Überwiegend besteht das Repertoire jedoch aus Stücken, die in den 1920er- und 1930er-Jahren in Bratislava und Prag aufgenommen wurden, speziell jenen, des äußerst populären Schauspielers, Sängers, Komponisten und Arrangeurs František Krištof Veselý aus Bratislava, der mit 250 Kompositionen, die sich im Archiv des slowakischen Rundfunks befinden, slowakische Musikgeschichte geschrieben hat. Und damit dieses Kapitel nicht in Vergessenheit gerät, spielen die Bratislava Hot Serenaders eben jene Stücke wie etwa „Tatransky Express“, als Hommage an František Krištof Veselý, der sein Publikum auch durch gefühlvolle Interpretationen begeisterte. In einigen anderen Aufnahmen steht der Jazz und Swing-Einfluss jedoch im Vordergrund.

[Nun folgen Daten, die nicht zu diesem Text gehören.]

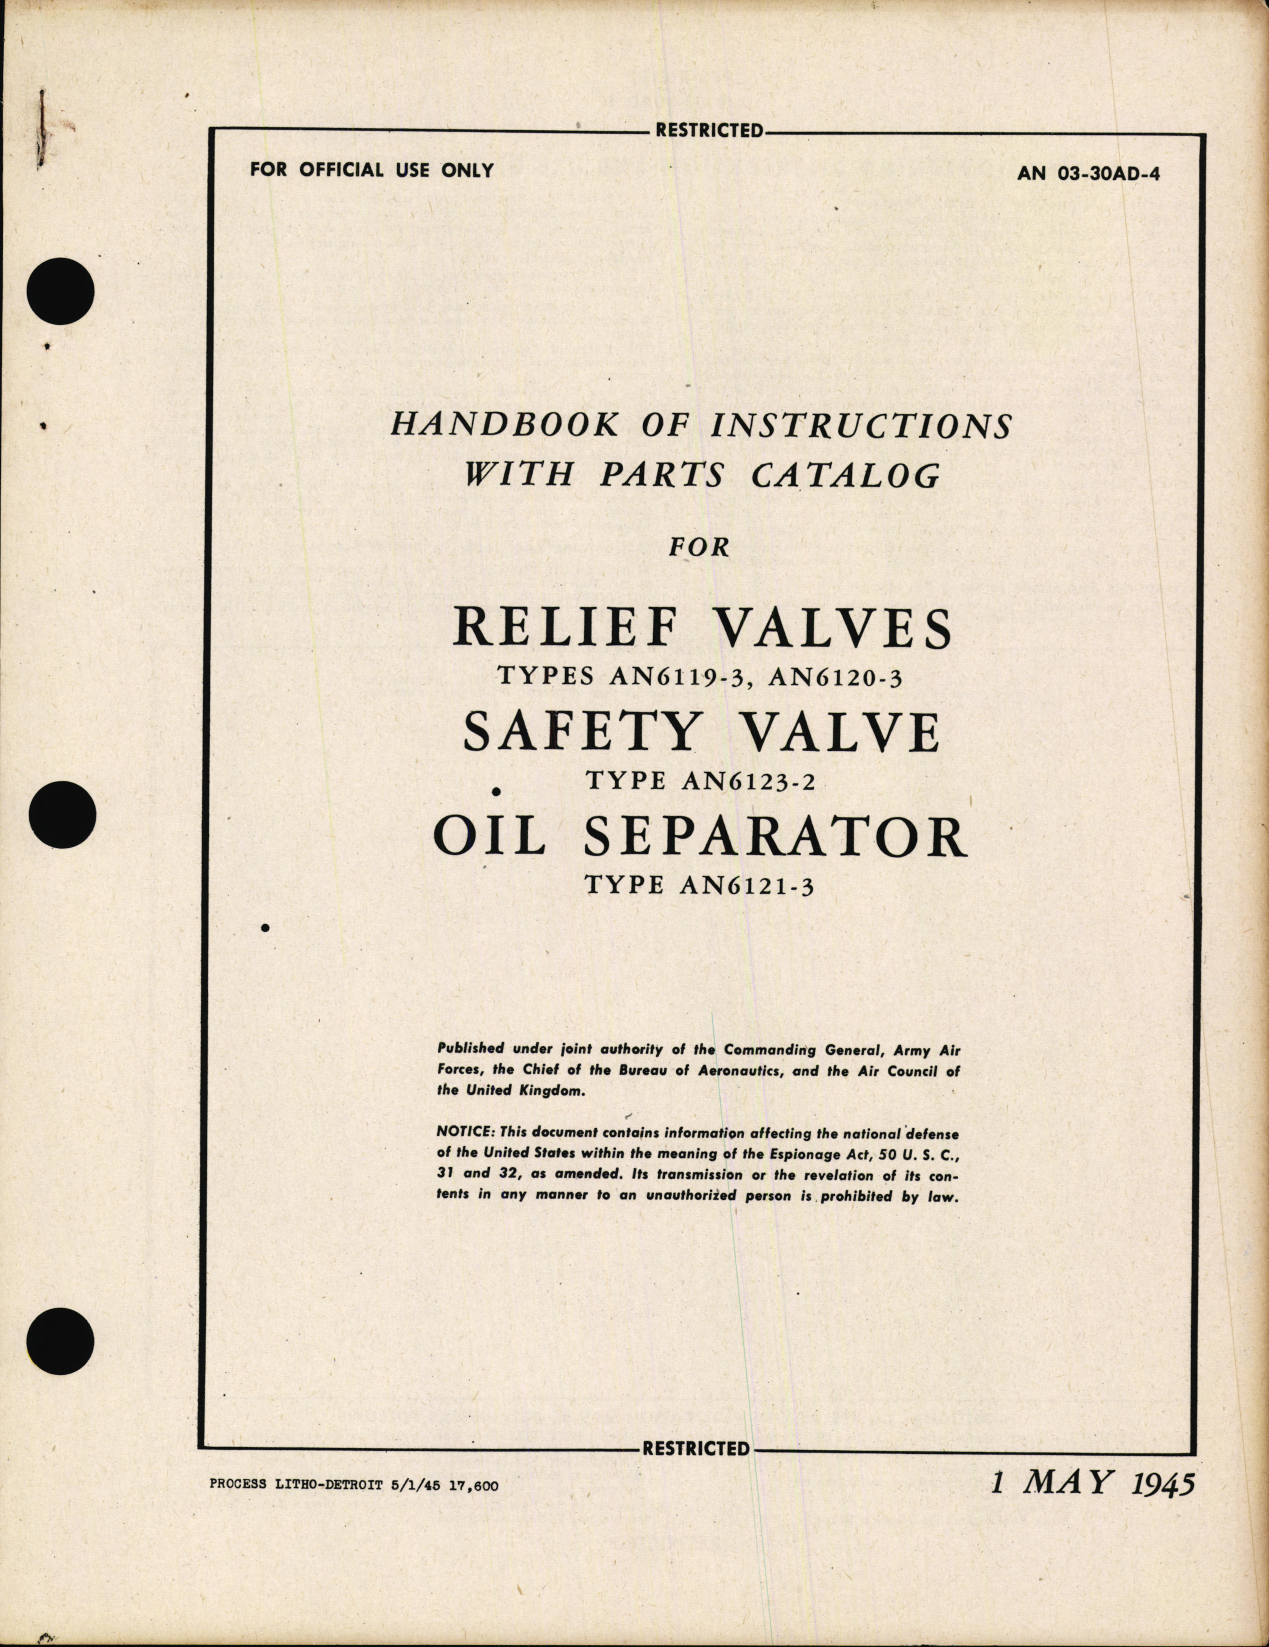 Sample page 1 from AirCorps Library document: Handbook of Instructions with Parts Catalog for Relief Valves, Safety Valve, and Oil Separator

Veselý hat als Komponist auch in anderen Bereichen maßgebend gewirkt, wie etwa in späteren Jahren in einigen Operetten-Produktionen in seiner Heimatstadt Bratislava. Was diese Big Band, die sein musikalisches Erbe in Ehren hält, so einzigartig macht ist, dass ihre Musik und das gesamte Erscheinungsbild authentisch wirken. In der Rolle des Crooners geben sich bei den Auftritten Miloš Stancík und Jozef Kurilák sowie der slowakische Schauspieler und Sänger Milan Lasica die Ehre. Letzterer ist auf den beiden CD-Aufnahmen „Ja som optimista“ und „Celý svet sa mrací“ zu hören.

Der internationale Erfolg der Bratislava Hot Serenaders lässt sich bei Festivals wie im französischen Saint Raphael, das auf die Musik der 1920er- und 1930er-Jahre spezialisiert ist, messen. Denn dort gewann das Orchester vor einigen Jahren die renommierte Auszeichnung in Gold. In Österreich war diese Big Band bislang noch nicht zu sehen und live zu hören. Es ist zu hoffen, dass sich das in Zukunft ändern wird. Interessierten bleibt derweil jedoch der Weg nach Bratislava, dort geben die Bratislava Hot Serenaders regelmäßig Konzerte.